Accents are the distinctive variations in the pronunciation of a language. They can be native or foreign, local or national and can provide information about a person’s geographical locality, socio-economic status and ethnicity. The perception of accents is normal within any given group of language users and involves the categorisation of speakers into social groups and entails judgments about the accented speaker, including their status and personality. Thus, accent perception is deeply tied to language ideologies. Accents can significantly alter the perception of an individual or an entire group, which is an important fact considering that the frequency that people with different accents are encountering one another is increasing, partially due to inexpensive international travel and social media. As well as affecting judgments, accents also affect key cognitive processes (e.g., memory) that are involved in a myriad of daily activities. The development of accent perception occurs in early childhood. Consequently, from a young age accents influence our perception of other people, decisions we make about when and how to interact with others, and, in reciprocal fashion, how other people perceive us.

== Social identity theory of accents ==

Social identity theory is a theory that describes intergroup behaviour based on group membership. Markers of group membership can be arbitrary, e.g., coloured vests, a flip of a coin, etc., or non-arbitrary, e.g., gender, language, race, etc. Accent is a non-arbitrary marker for group membership that is potentially more salient than most other non-arbitrary markers such as race and visual cues in general. One component of social identity theory states that members of the same group will treat and judge other members of their group (in-group members) preferentially compared to those who are not in their group (out-group members).

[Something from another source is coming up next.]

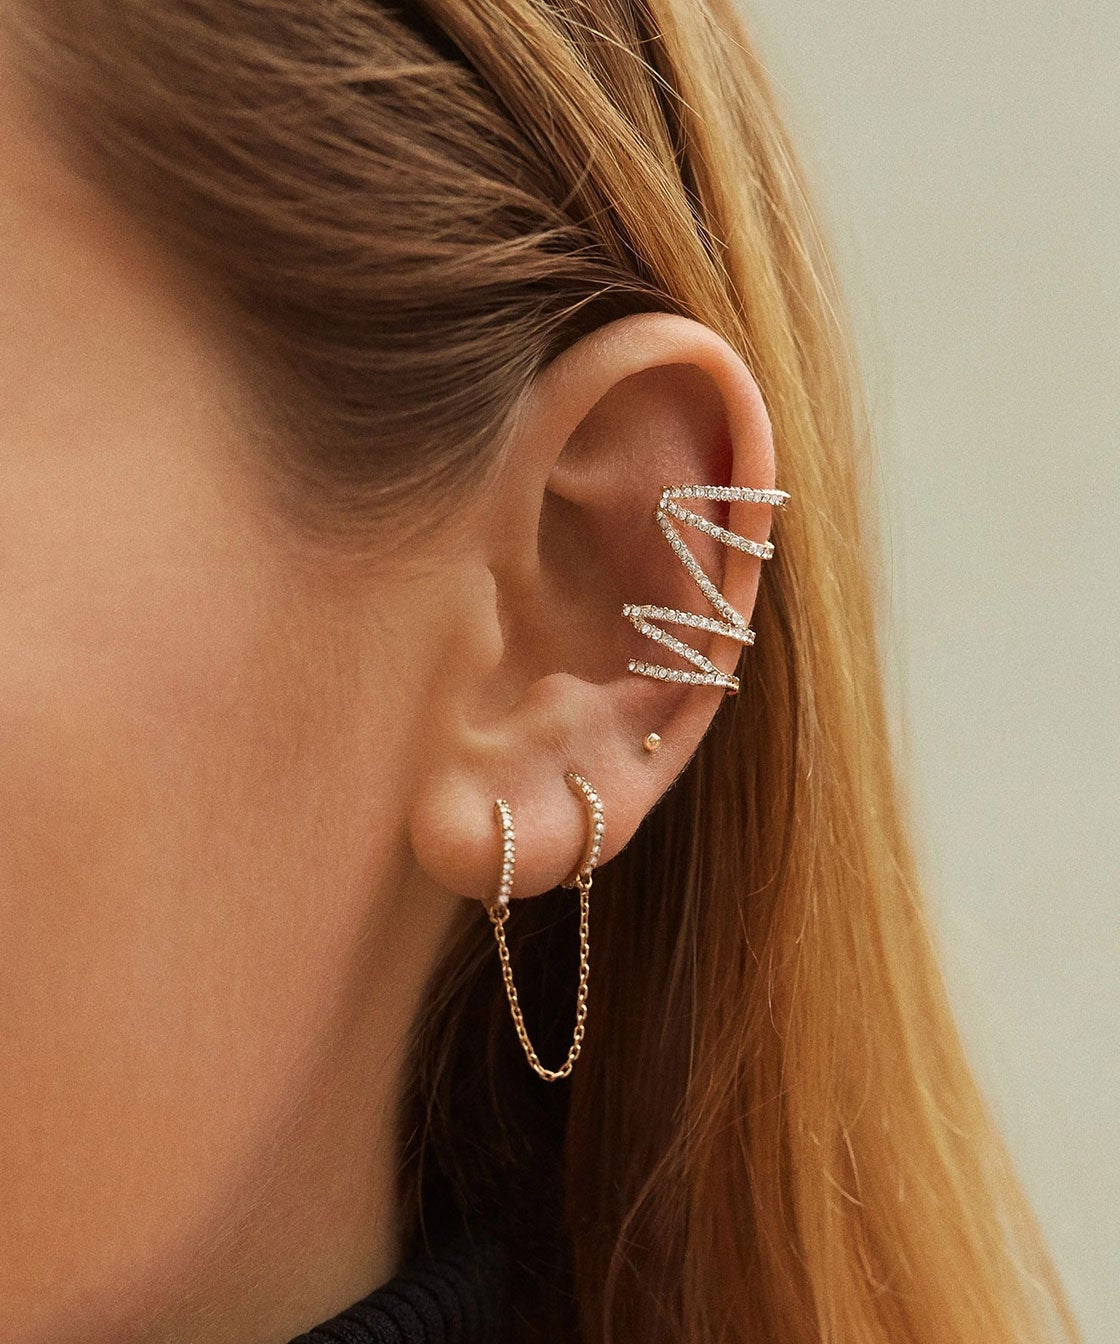 How To Wear Ear Cuffs - Best Jewelry 
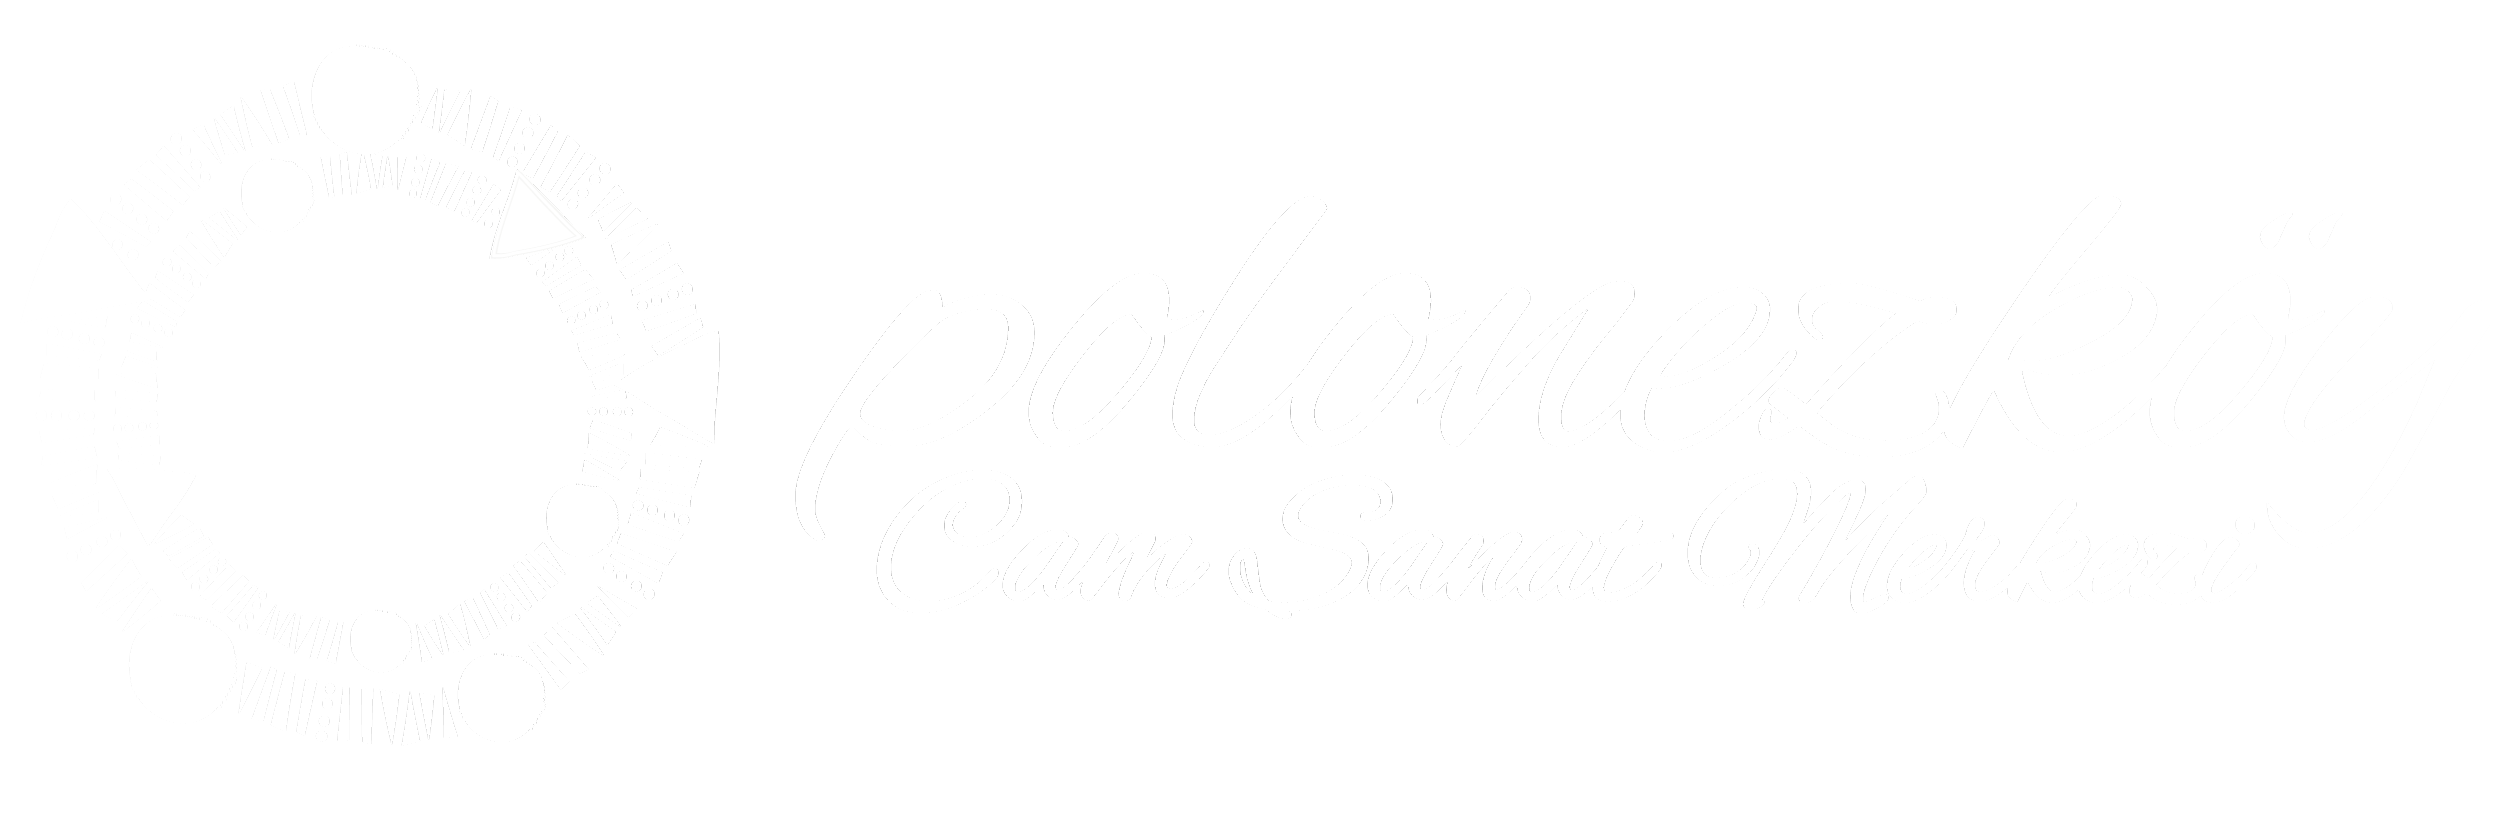 polonezköy cam sanat merkezi logo beyaz

This phenomenon is called in-group bias and when applied to accents is called the own-accent bias. There are many examples of the discrimination of out-groups based on language, e.g., the banning of the public speaking of German in the United States during World War I and the Al-Anfal Campaign, however, there are also examples of discrimination based on accent. Some of these instances date back many several millennia, for example, in the Bible in Judges 12:5-6 the following quote depicting the mass-killing of a people based on their accent appears:

“The Gileadites captured the fords of the Jordan leading to Ephraim, and whenever a survivor of Ephraim said, “Let me cross over,” the men of Gilead asked him, “Are you an Ephraimite?” If he replied, “No,” they said, “All right, say ‘Shibboleth.’” If he said, “Sibboleth,” because he could not pronounce the word correctly, they seized him and killed him at the fords of the Jordan. Forty-two thousand Ephraimites were killed at that time.”

Whereas some are more recent, for example, in his play Pygmalion George Bernard Shaw famously recognised the disparities of accent (even in a native context) when he wrote:

“It is impossible for an Englishman to open his mouth without making some other Englishman hate or despise him”.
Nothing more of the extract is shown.